1) I will try to consume less financial news media. A steady diet of CNBC, BNN, WSJ, FT, FP, G&M and lots of unhealthy blogs has left me bloated and sluggish. I will try to remember that the scary daily headlines and ramblings of those who don’t know any more than me are just noise that distracts my focus. I will continue to exercise my judgment and base my decisions on fundamental data, not speculation.
2) I will not mimic any index or benchmark. The S&P/TSX index continues to be a poor measuring stick. With close to 80% of the index allocated to three sectors, energy, materials and financials, the index is fraught with high risk. I will diversify my client’s assets and limit their exposure to any one sector or any one company.

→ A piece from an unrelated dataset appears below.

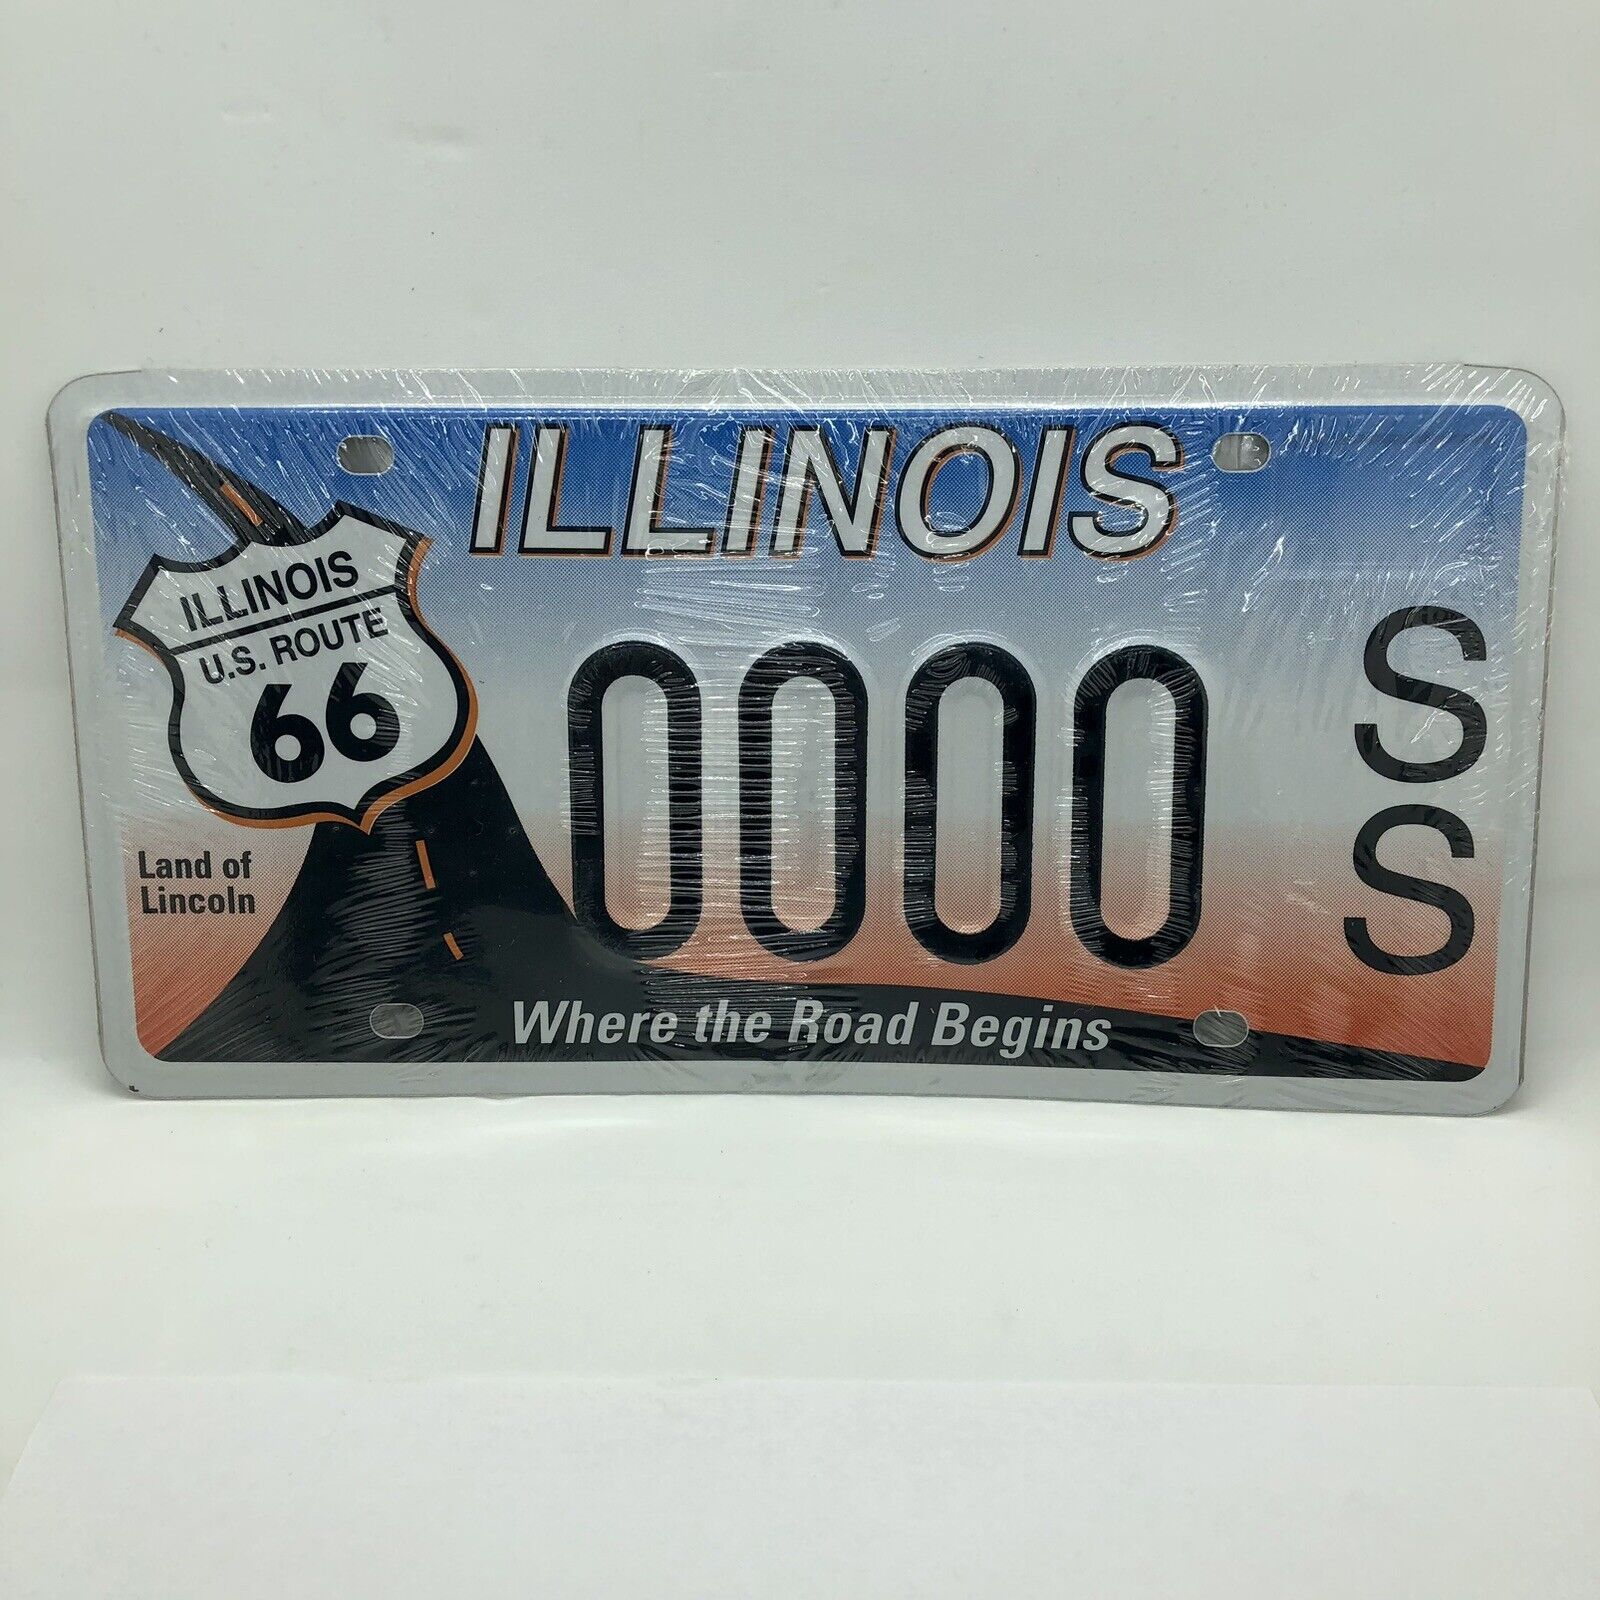 RARE ILLINOIS ROUTE 66 / WHERE THE ROAD BEGINS - SAMPLE LICENSE PLATE - 0000

3) I will remember that companies that pay dividends will be the cornerstone of my client’s portfolios. I will not forget that companies that have a history of raising dividends offer me the best source of insider information. A company that raises its dividend, signals to investors its confidence for the coming year.
4) I will resist the urge to market time. I will not forget that most of the year’s profits only come from a few trading days and since I don’t know when the next big up days is, I will have to sit tight. My decision to buy or sell a stock will not be based on whether the market is going down or up. My decision will be based on valuation.
5) I will not forget that I am a long-term value investor. Sometimes value and price can get disconnected and stay that way for an extended period of time. I will continue to remember that my best investment decisions are made when values are the cheapest.
6) Finally, I will resist the temptation of group-think. I will continue to challenge my assumptions daily and surround myself with colleagues and clients who can do the same.